Позади меня, неподалеку от того места, где сидела я, только чуть выше, стоял мужчина в куртке и надвинутой на глаза бейсболке. Сунув руки в карманы, он, как и недавно я, смотрел на то, что происходило внизу. И вдруг чуть повернул голову в мою сторону, и мне показалось, что наши взгляды скрестились, хоть я и не могла разглядеть лица незнакомца из-за скрывавшей его тени от козырька бейсболки. Ощущение, будто мне на лицо налипла паутина, заставило меня провести ладонью по щеке. Мужчина едва заметно кивнул, словно приветствуя меня, и, развернувшись, направился к дороге. Мгновение, и он уже скрылся за припаркованными на небольшом пятачке фургонами съемочной группы.

– Анна! – окликнул меня Рауль, когда я спустилась. Рядом с ним уже находилась актриса. И, как только я приблизилась к ним, он мне ее представил:

– Познакомься, это Эстер. А это Анна…

– Рауль рассказал вашу историю знакомства, – сказала девушка. – Ничего красивей и романтичней я не слышала.

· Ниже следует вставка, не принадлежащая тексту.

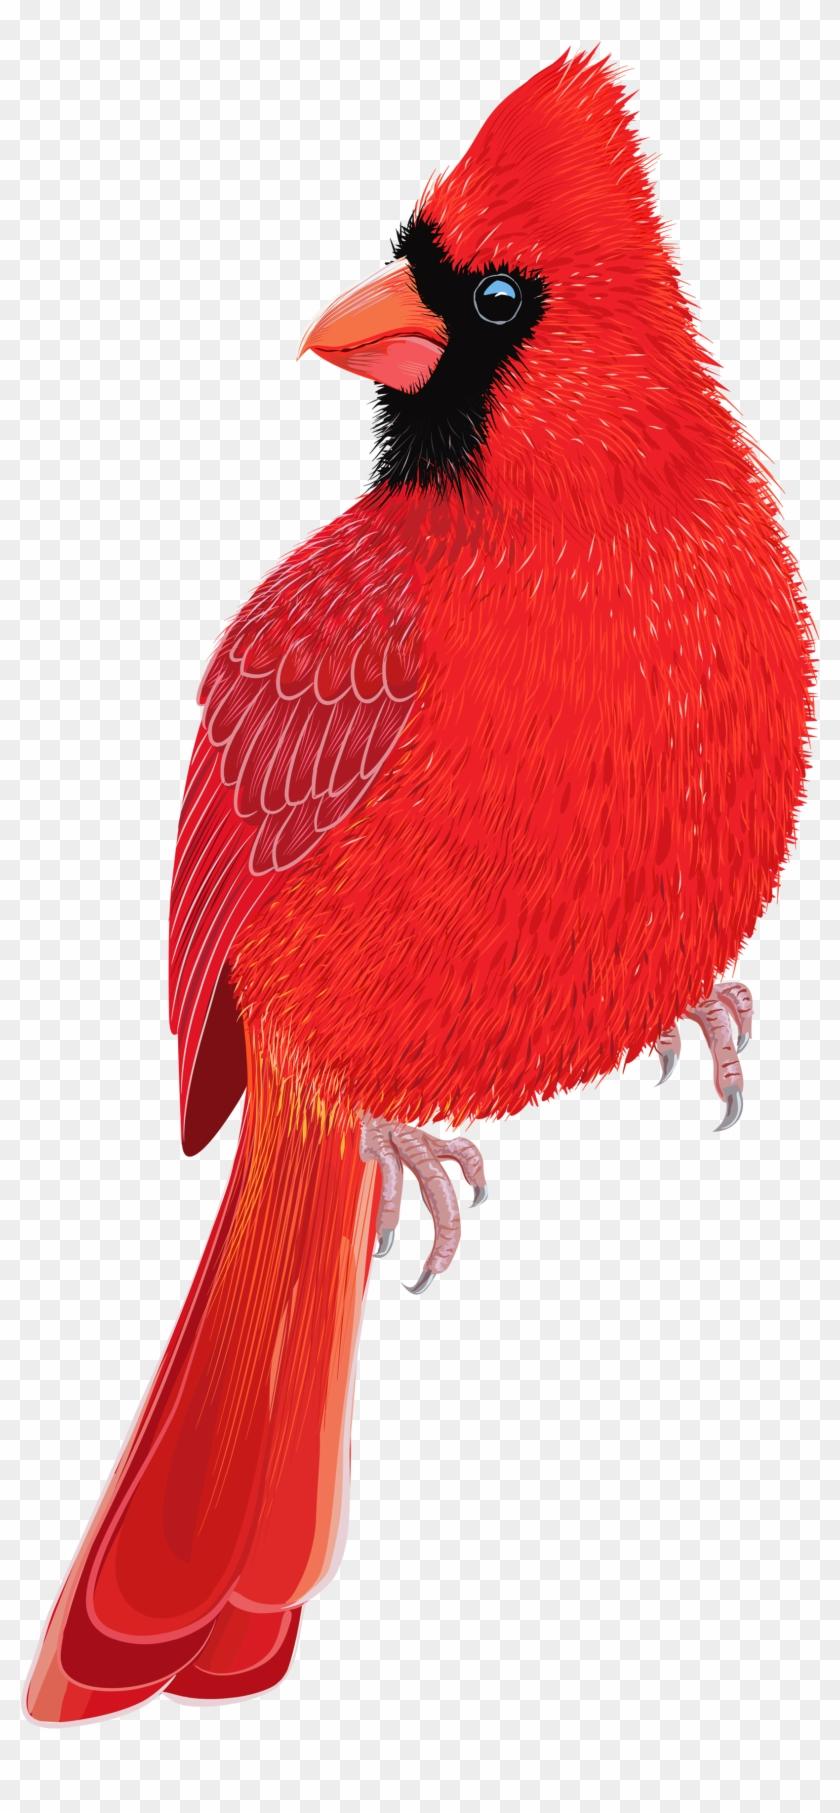 Red Bird Png Clipart Image - Pajaros Rojo #275682

В ее голосе восхищение смешалось с легкой грустью, будто она сожалела о том, что в ее жизни не случалось романтичных историй. Может ли такое быть? Я с недоверием посмотрела на нее. У нее был тот тип лица, который широко востребован модельными агентствами: высокие скулы, тонкий нос, пухлые губы. Она была испанкой, но, если бы я не знала этого, подумала бы, что Эстер принадлежит к северным народам: светлокожая, с большими серо-голубыми глазами, с прямыми густыми волосами цвета зрелой пшеницы. Она была выше меня ростом и более хрупкого сложения. Красивая и успешная девушка, вокруг которой наверняка вьются многочисленные поклонники. Так откуда тогда эта грусть в ее голосе?

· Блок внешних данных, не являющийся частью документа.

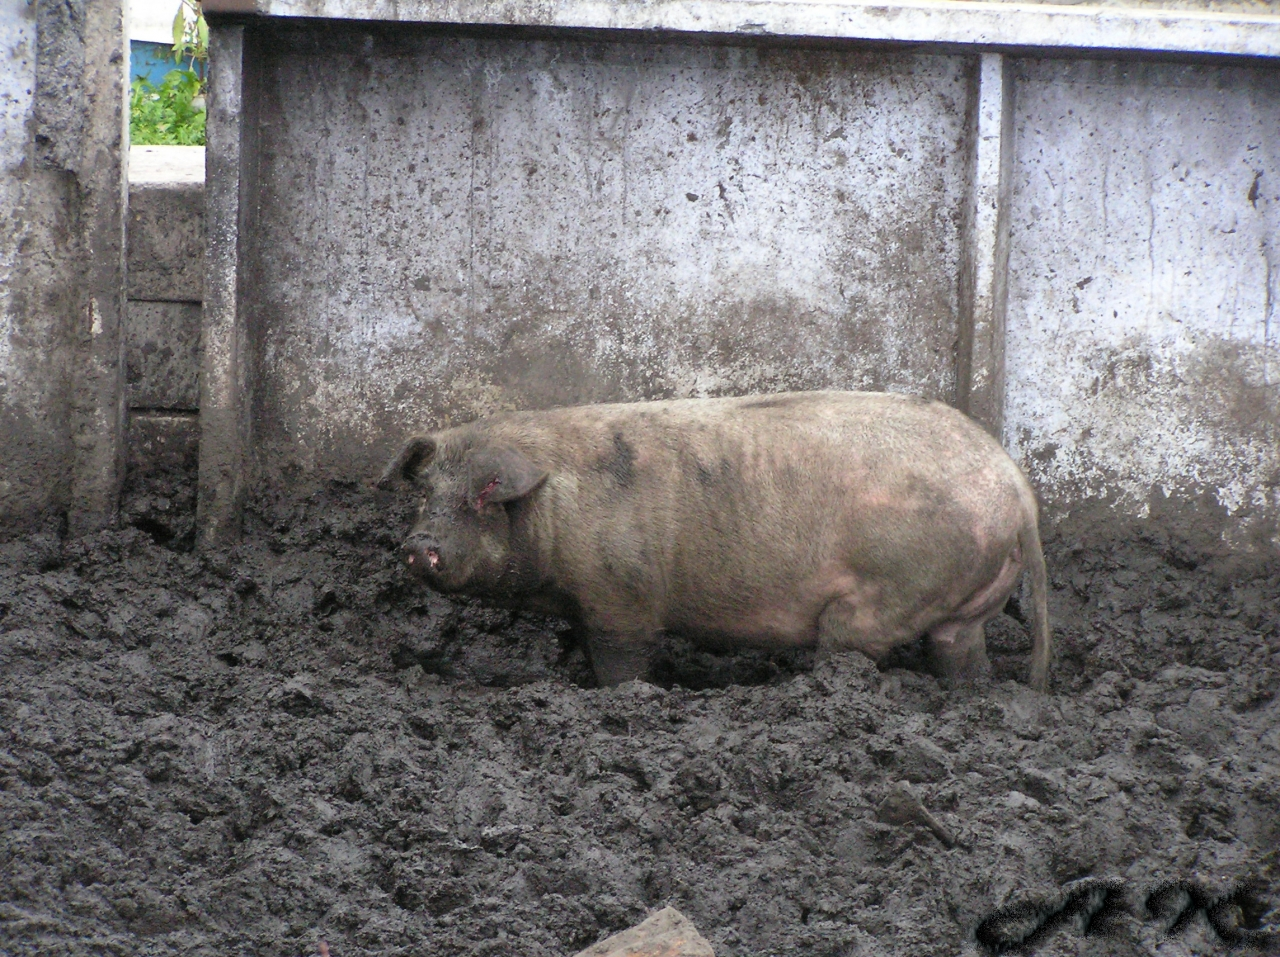 sakh-wolf: -Сам свинья!

– Как себя чувствуешь? – обратился Рауль к Эстер. Вчера он рассказал мне, что на съемках было так душно, что в какой-то момент актрисе стало плохо.

– Хорошо, спасибо, – улыбнулась девушка. Она уже переоделась для съемок и теперь ежилась от холода в коротеньком пляжном платье, переступая босыми, открытыми почти до самых бедер ногами. Не спасал ее от холода даже накинутый поверх платья шерстяной кардиган. В какой-то момент она, услышав всплеск набежавшей на берег волны, с опаской бросила взгляд на неприветливое море и передернула плечами:

– Надеюсь, нас не заставят искупаться. Холодно как!

– Если бы не протянули до октября, а сняли клип, как и планировали, в начале сентября, то заставили бы, – сказал Рауль. – Боюсь, мы с Эстер будем не столько страсть изображать, сколько пытаться согреться. Надо, видимо, попросить режиссера изменить сценарий и заменить объятия на ветру на пробежку туда-сюда по берегу.

Мы с Эстер засмеялись. И в это время дали команду начинать.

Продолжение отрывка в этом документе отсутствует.